]> git.ipfire.org Git - thirdparty/glibc.git/commitdiff
x86-64: Only define used SSE/AVX/AVX512 run-time resolvers
authorH.J. Lu <hjl.tools@gmail.com>
Mon, 27 Jun 2022 18:36:28 +0000 (11:36 -0700)
committerH.J. Lu <hjl.tools@gmail.com>
Mon, 27 Jun 2022 21:17:52 +0000 (14:17 -0700)
When glibc is built with x86-64 ISA level v3, SSE run-time resolvers
aren't used.  For x86-64 ISA level v4 build, both SSE and AVX resolvers
are unused.  Check the minimum x86-64 ISA level to exclude the unused
run-time resolvers.

sysdeps/x86/isa-level.h
sysdeps/x86_64/dl-machine.h
sysdeps/x86_64/dl-trampoline.S

index c6156e7f7ac7ece501ad543e79c253ee5e2a5485..f293aea9068cc2a9034c0a3be383f4fe0a770f8b 100644 (file)
    compile-time constant.. */
 
 /* ISA level >= 4 guaranteed includes.  */
+#define AVX512F_X86_ISA_LEVEL 4
 #define AVX512VL_X86_ISA_LEVEL 4
 #define AVX512BW_X86_ISA_LEVEL 4
 
 /* ISA level >= 3 guaranteed includes.  */
+#define AVX_X86_ISA_LEVEL 3
 #define AVX2_X86_ISA_LEVEL 3
 #define BMI2_X86_ISA_LEVEL 3
 
index 34766325aefb80c9d6b6ef6f9c9e66339321de71..005d089501fa78654e16103de9ec901af7be4ff2 100644 (file)
@@ -28,6 +28,7 @@
 #include <dl-tlsdesc.h>
 #include <dl-static-tls.h>
 #include <dl-machine-rel.h>
+#include <isa-level.h>
 
 /* Return nonzero iff ELF header is compatible with the running host.  */
 static inline int __attribute__ ((unused))

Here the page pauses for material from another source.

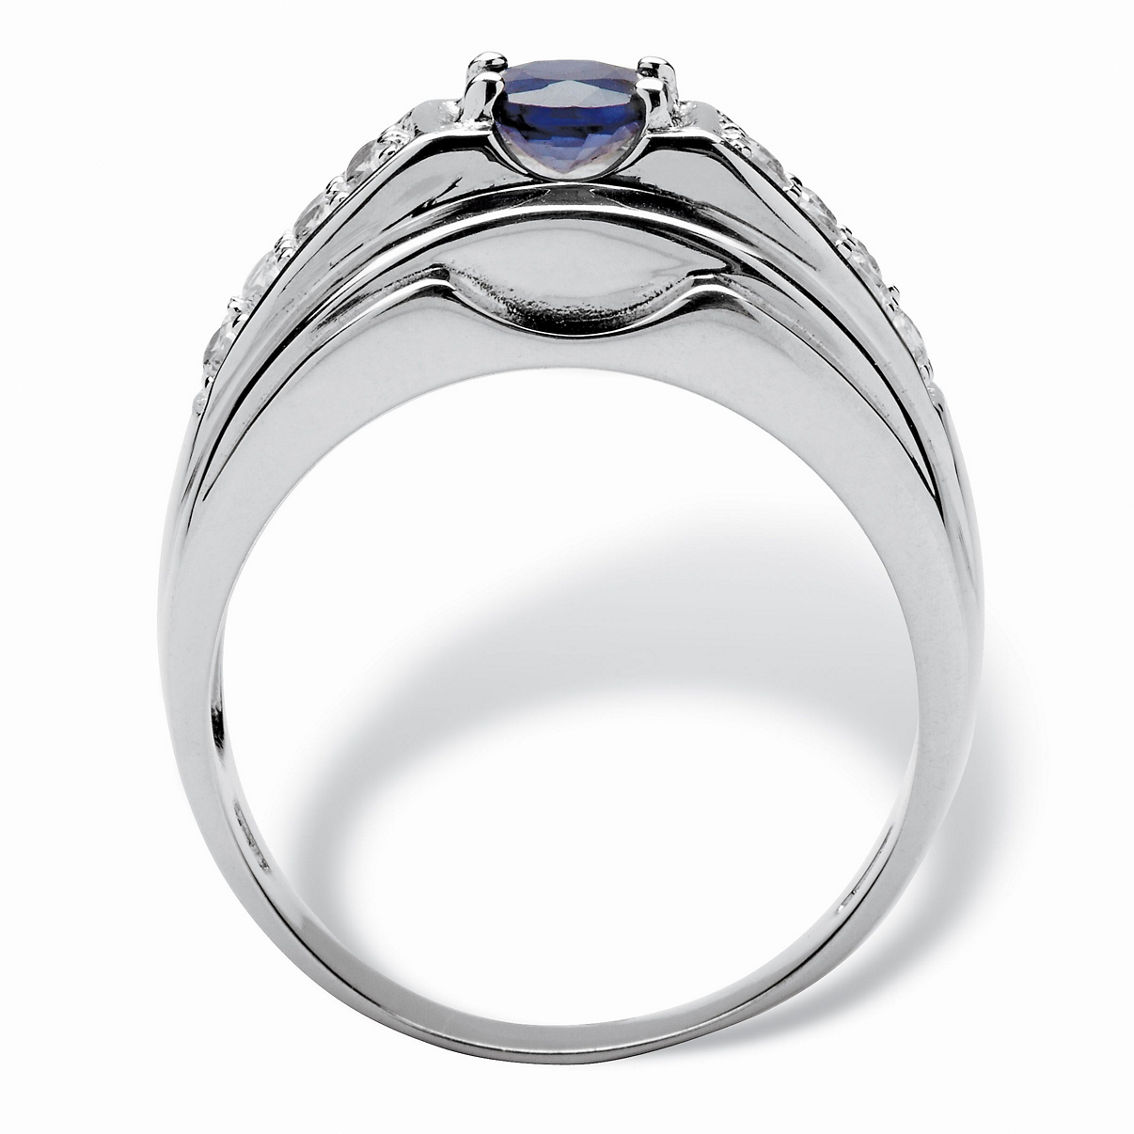 PalmBeach Men's 1.53 TCW Genuine Sapphire and CZ Ring in Sterling Silver - Image 2 of 5
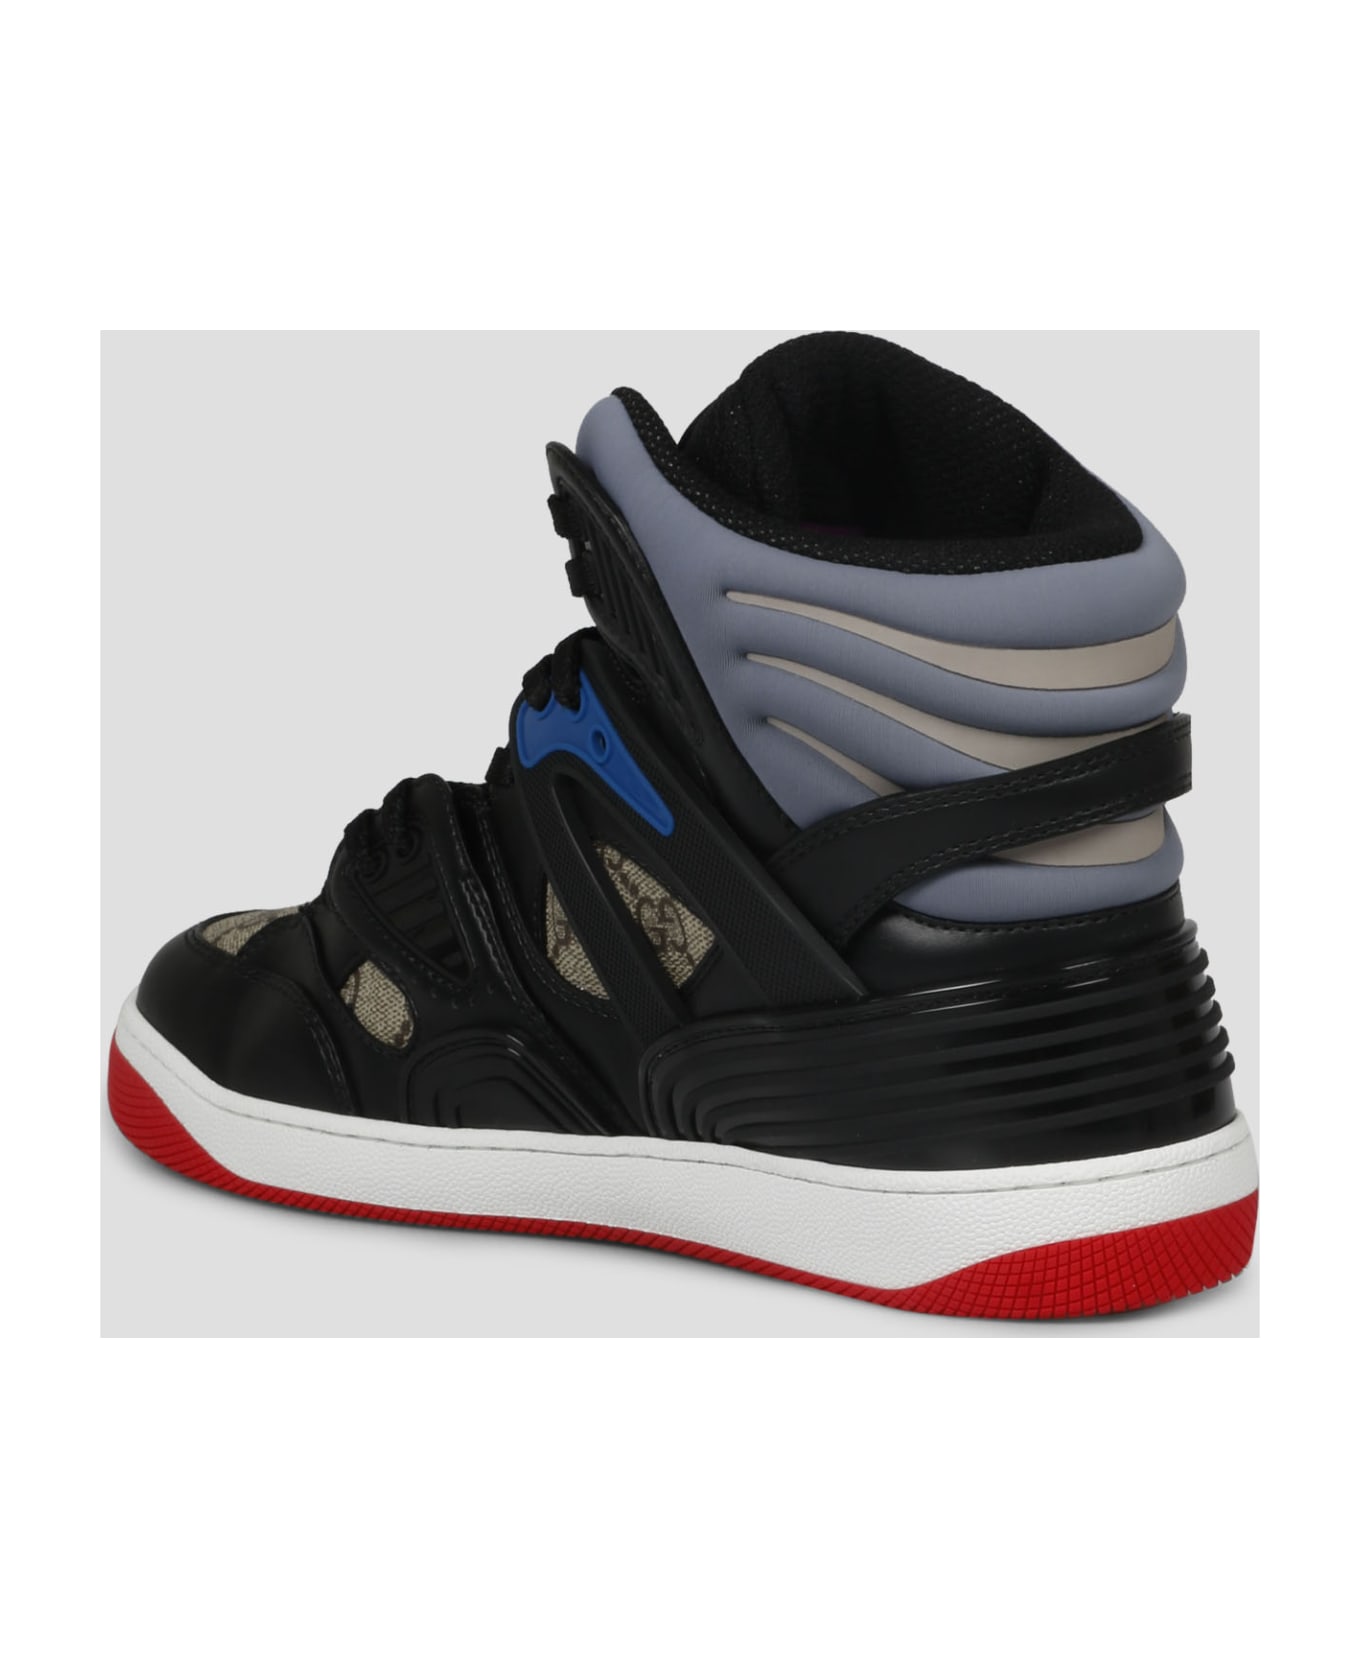 Gucci High Top Sneakers - Black

@@ -86,6 +87,8 @@ elf_machine_runtime_setup (struct link_map *l, struct r_scope_elem *scope[],
       /* Identify this shared object.  */
       *(ElfW(Addr) *) (got + 1) = (ElfW(Addr)) l;
 
+      const struct cpu_features* cpu_features = __get_cpu_features ();
+
       /* The got[2] entry contains the address of a function which gets
         called to get the address of a so far unresolved function and
         jump to it.  The profiling extension of the dynamic linker allows
@@ -94,9 +97,9 @@ elf_machine_runtime_setup (struct link_map *l, struct r_scope_elem *scope[],
         end in this function.  */
       if (__glibc_unlikely (profile))
        {
-         if (CPU_FEATURE_USABLE (AVX512F))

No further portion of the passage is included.